(About this exercise) Repeat the listing exactly, line by line, and leave the pictures behind.

(Dataset section)
::::
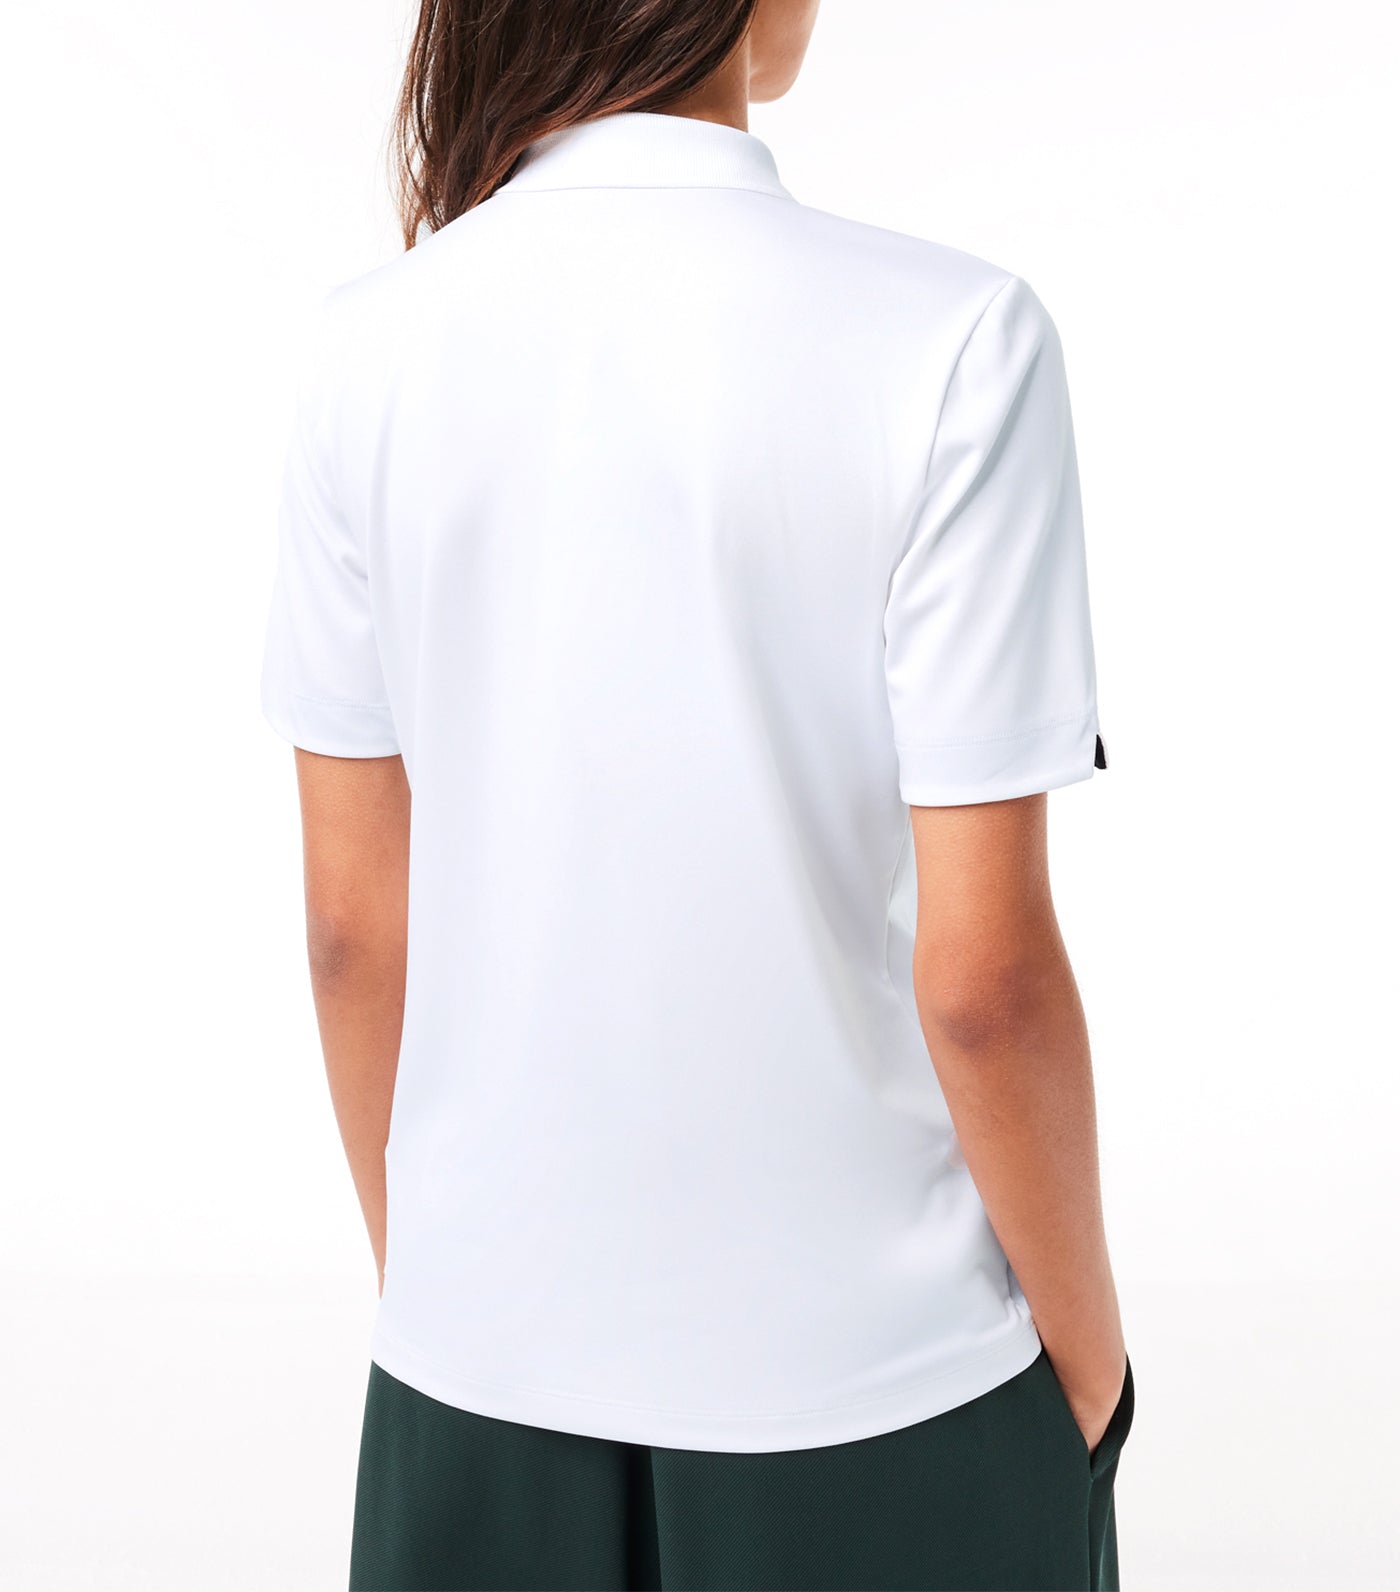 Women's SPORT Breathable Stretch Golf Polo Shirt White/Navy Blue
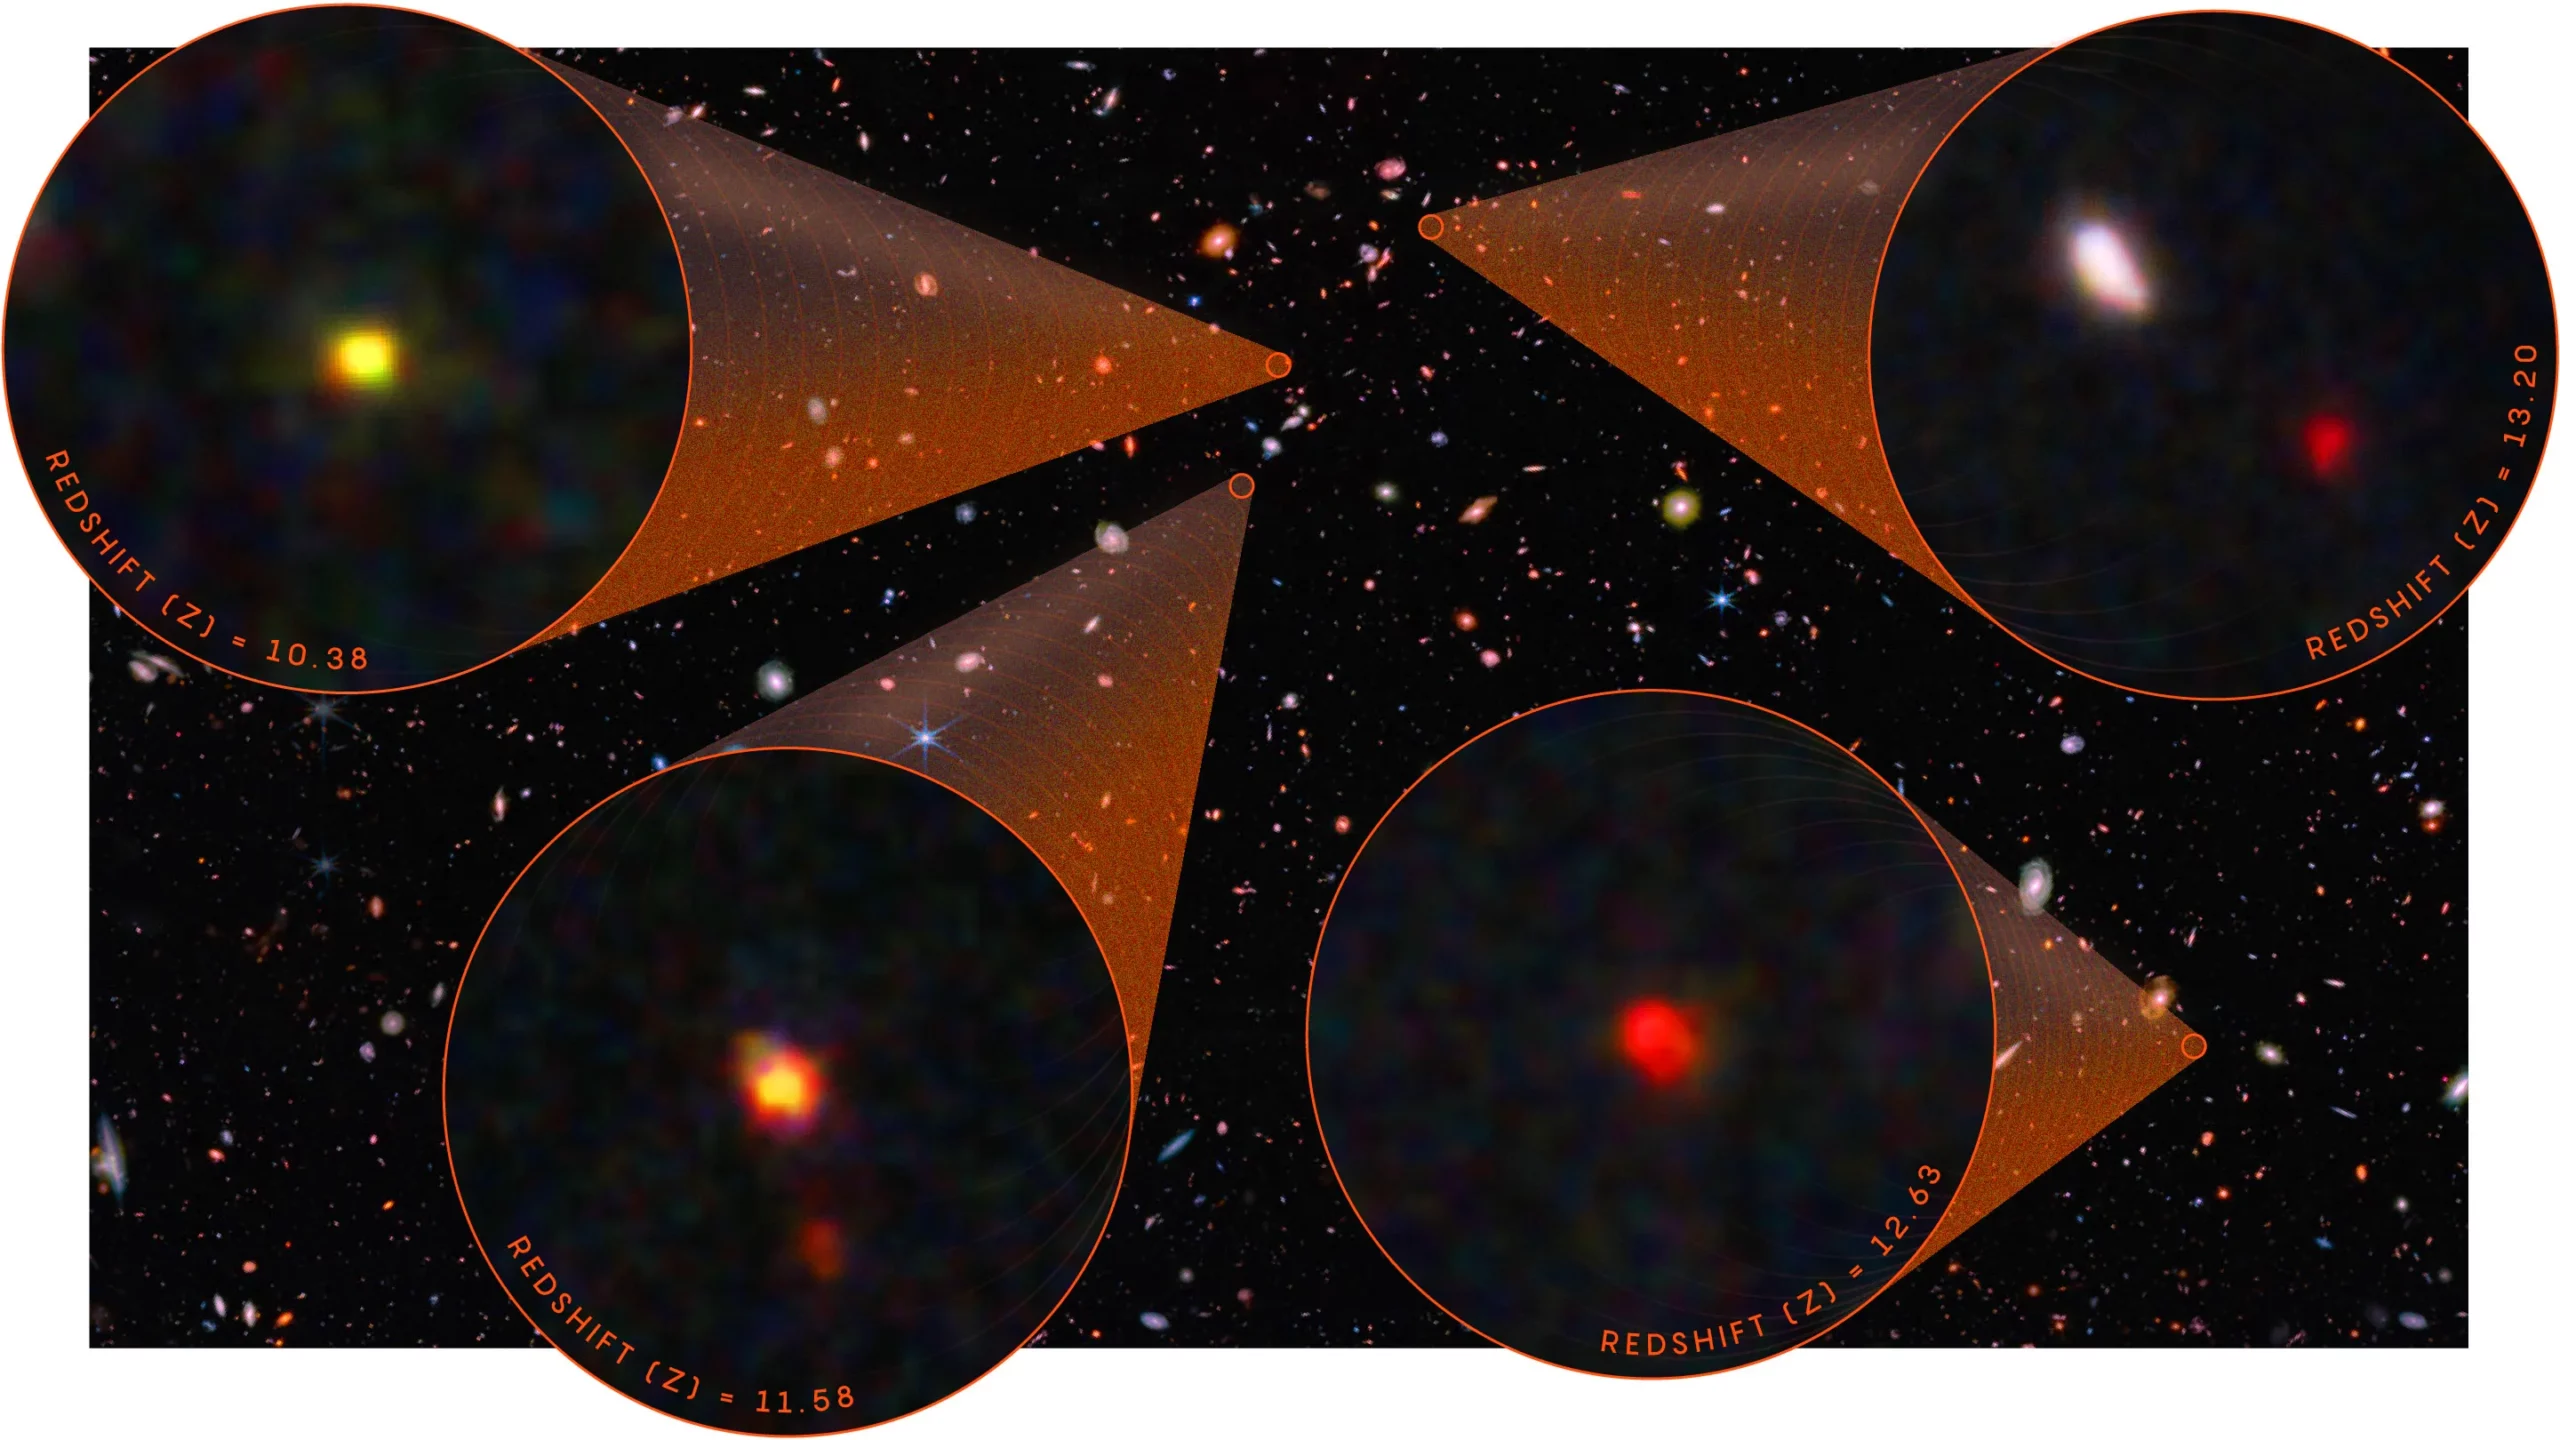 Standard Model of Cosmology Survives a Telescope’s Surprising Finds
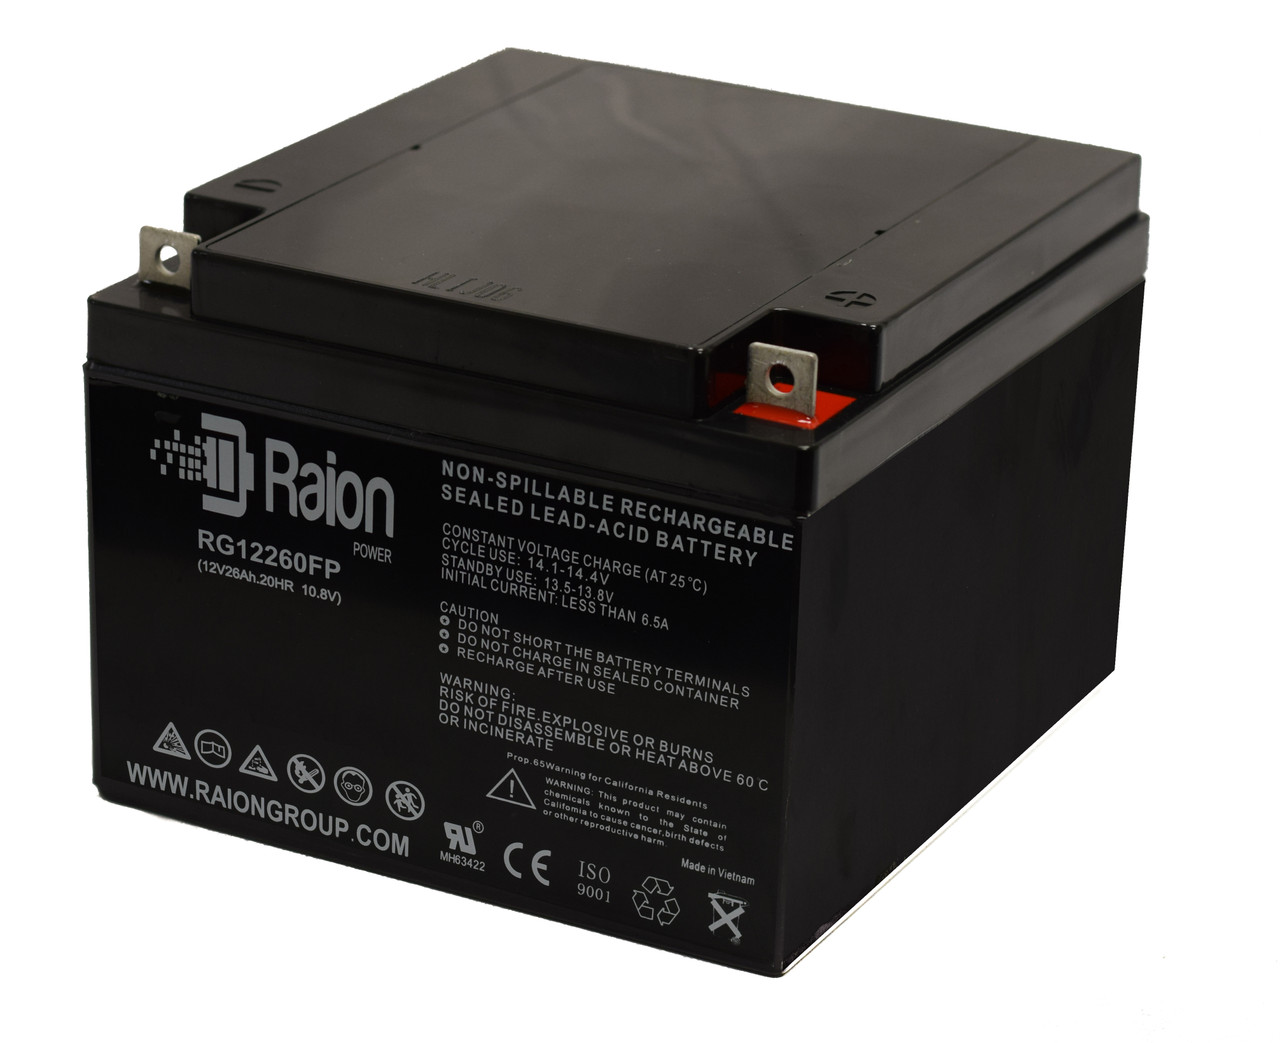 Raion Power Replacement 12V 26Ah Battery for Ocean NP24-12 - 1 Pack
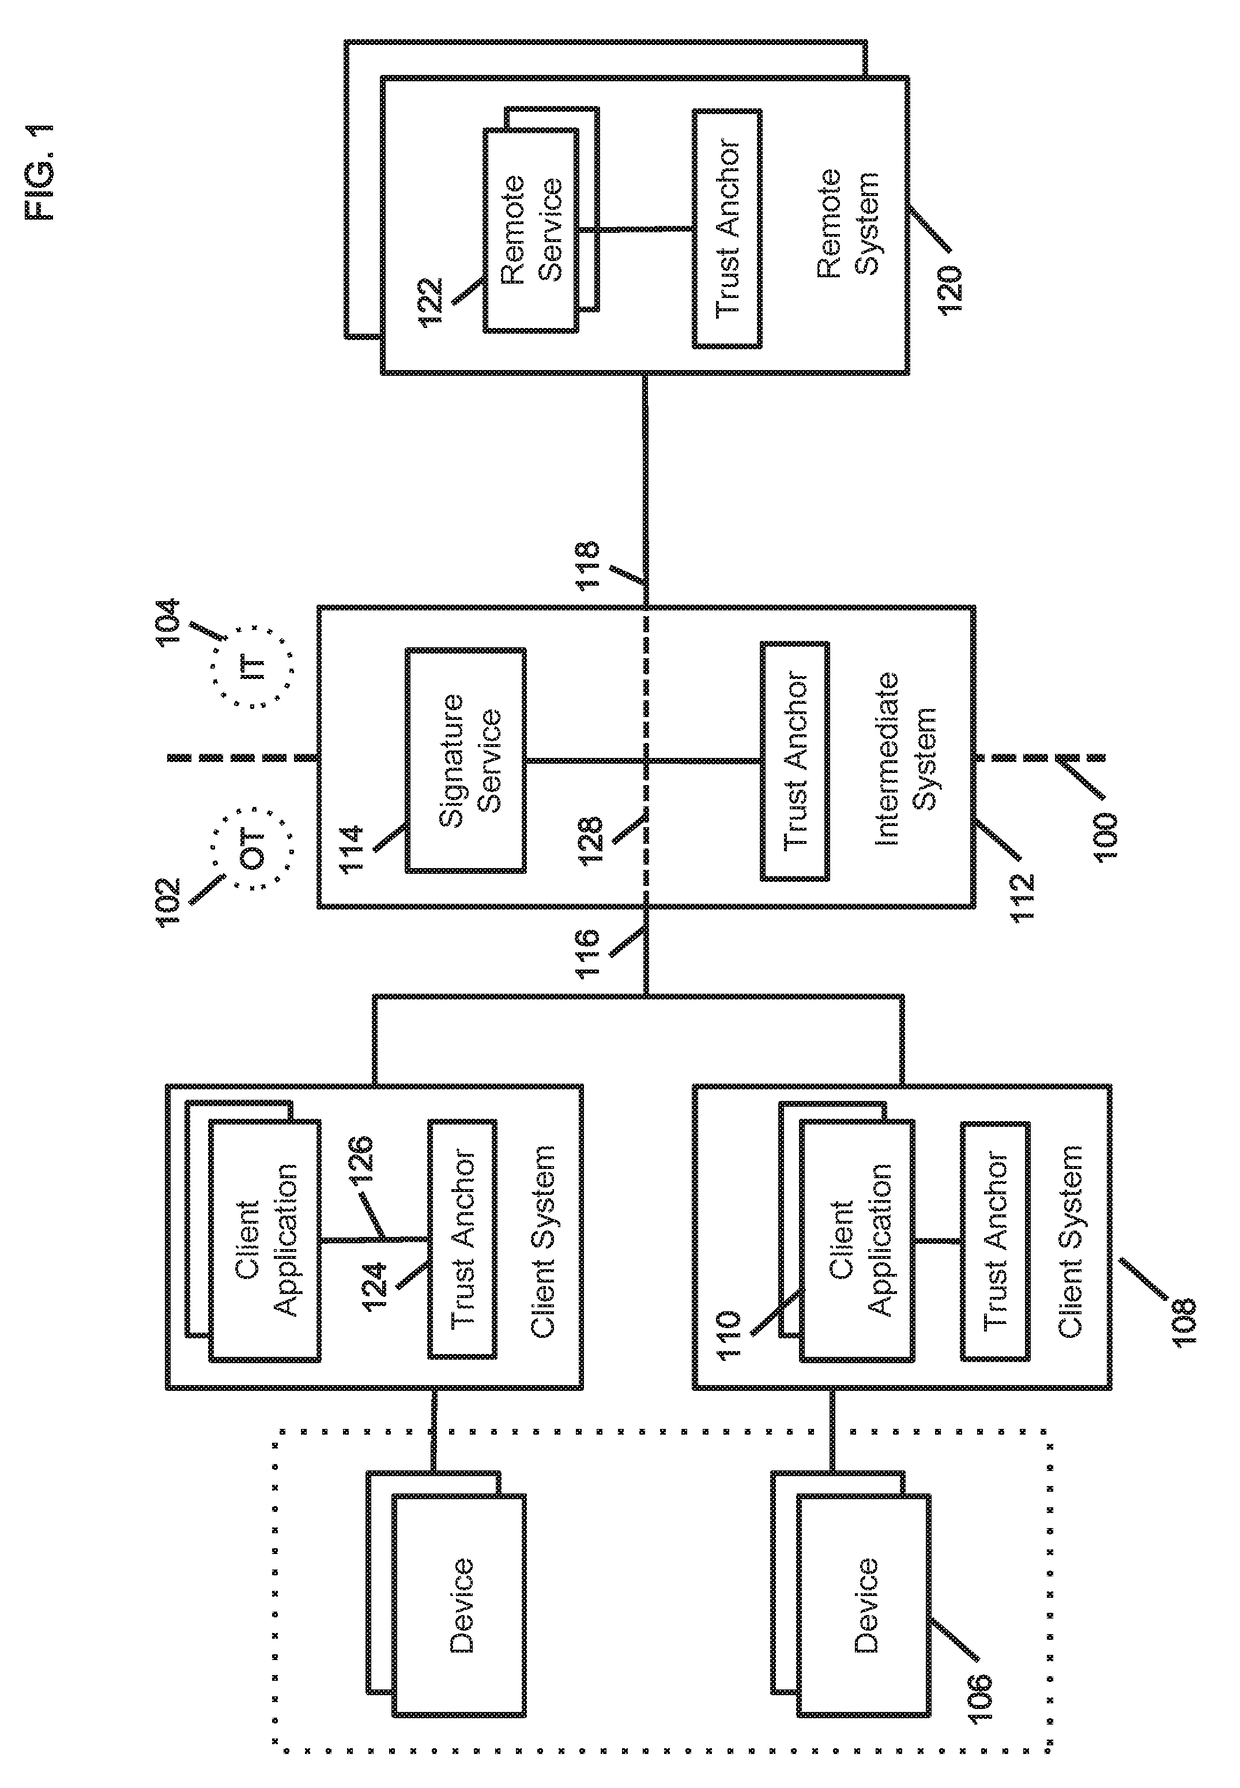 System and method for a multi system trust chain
::::
(Answer to this problem)
 Women's SPORT Breathable Stretch Golf Polo Shirt White/Navy Blue
 Standard Model of Cosmology Survives a Telescope’s Surprising Finds
 Raion Power Replacement 12V 26Ah Battery for Ocean NP24-12 - 1 Pack
 System and method for a multi system trust chain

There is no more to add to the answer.